● **Task to complete**
Once you find the line below that has "National Day Free 15 Dollar Voucher", output it and every line after it exactly, stopping after the line that has "February 26 2020", with no pictures.

● **Data provided**
____

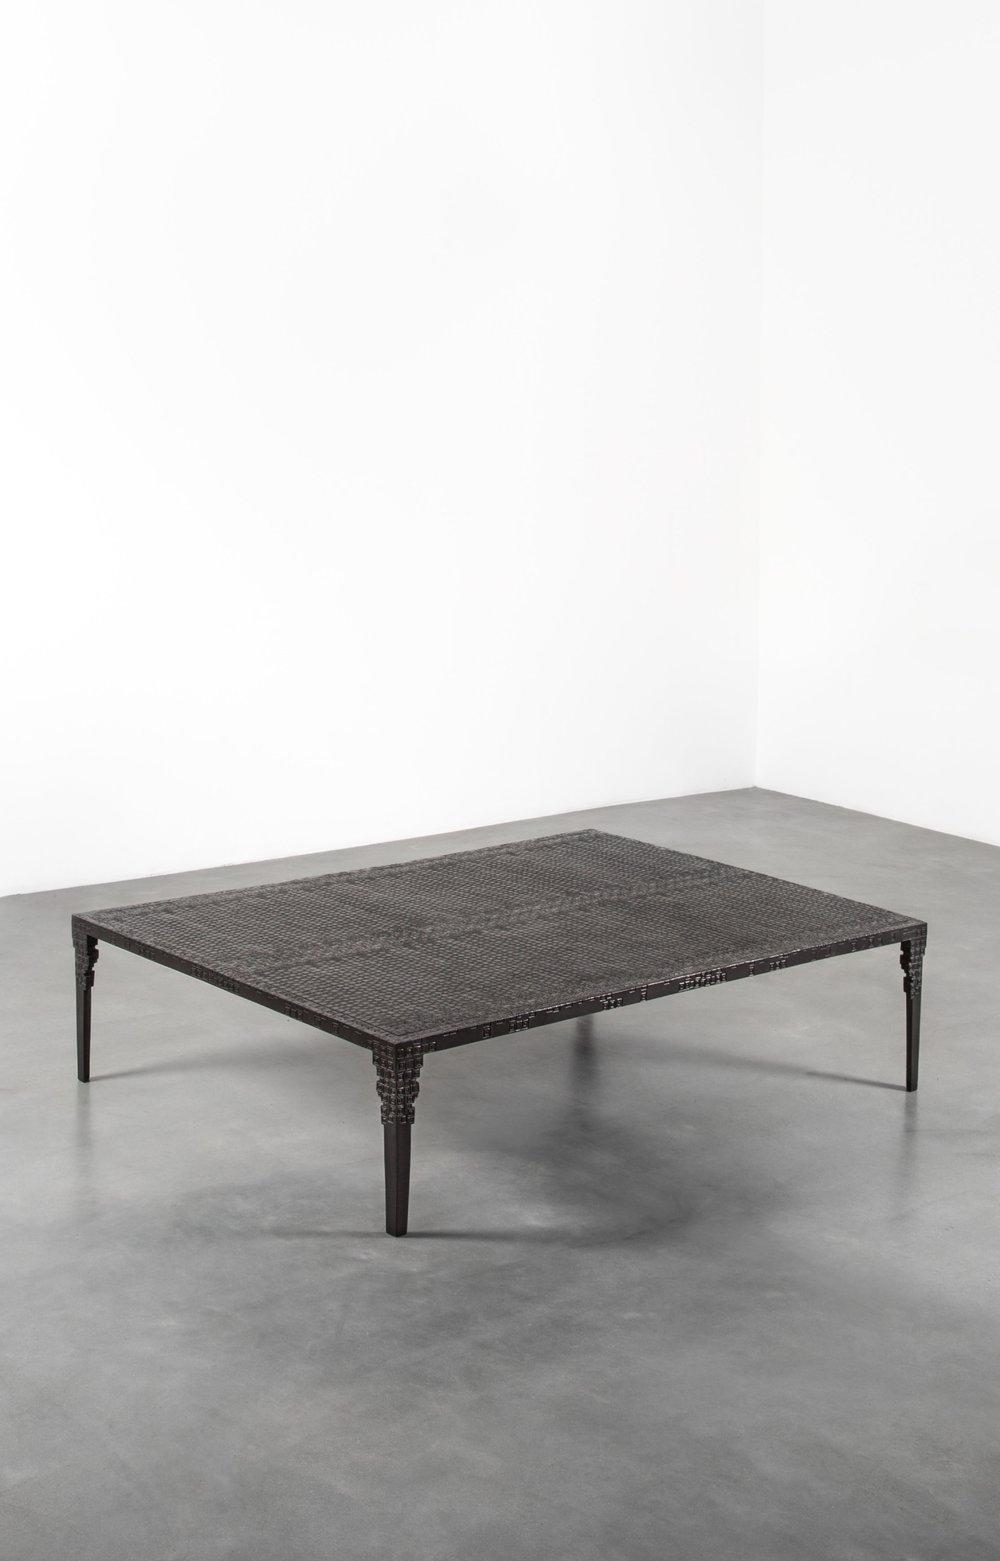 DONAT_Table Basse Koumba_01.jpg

____

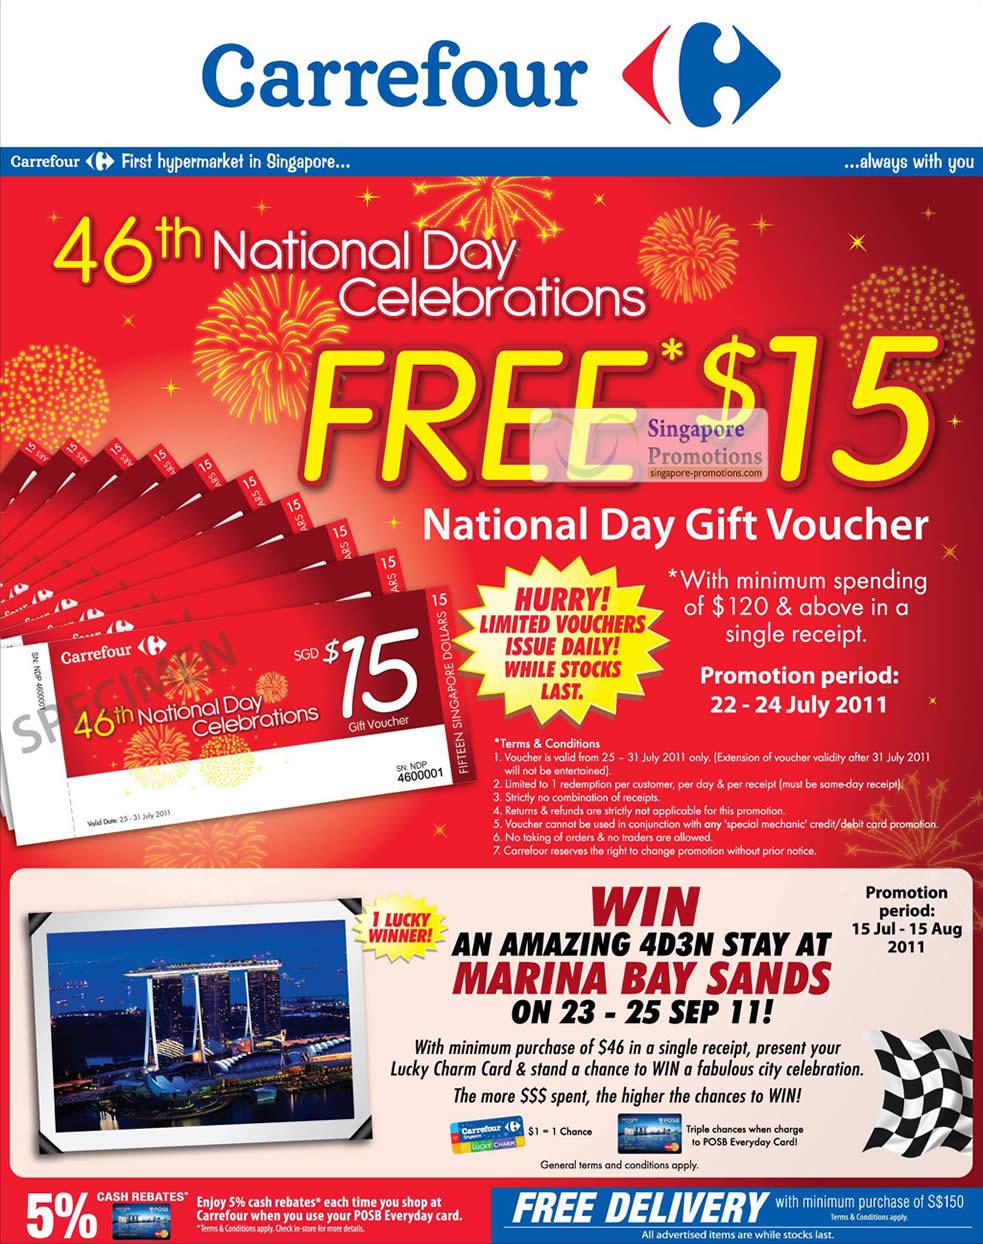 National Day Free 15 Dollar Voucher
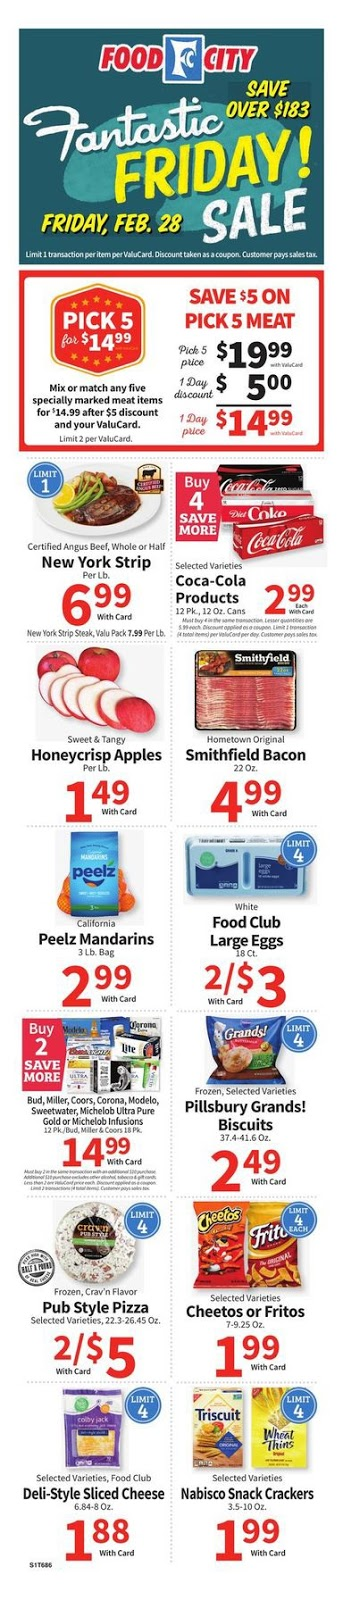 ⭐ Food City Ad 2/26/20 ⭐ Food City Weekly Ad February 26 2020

____

● **Solution to the problem**
 National Day Free 15 Dollar Voucher
 ⭐ Food City Ad 2/26/20 ⭐ Food City Weekly Ad February 26 2020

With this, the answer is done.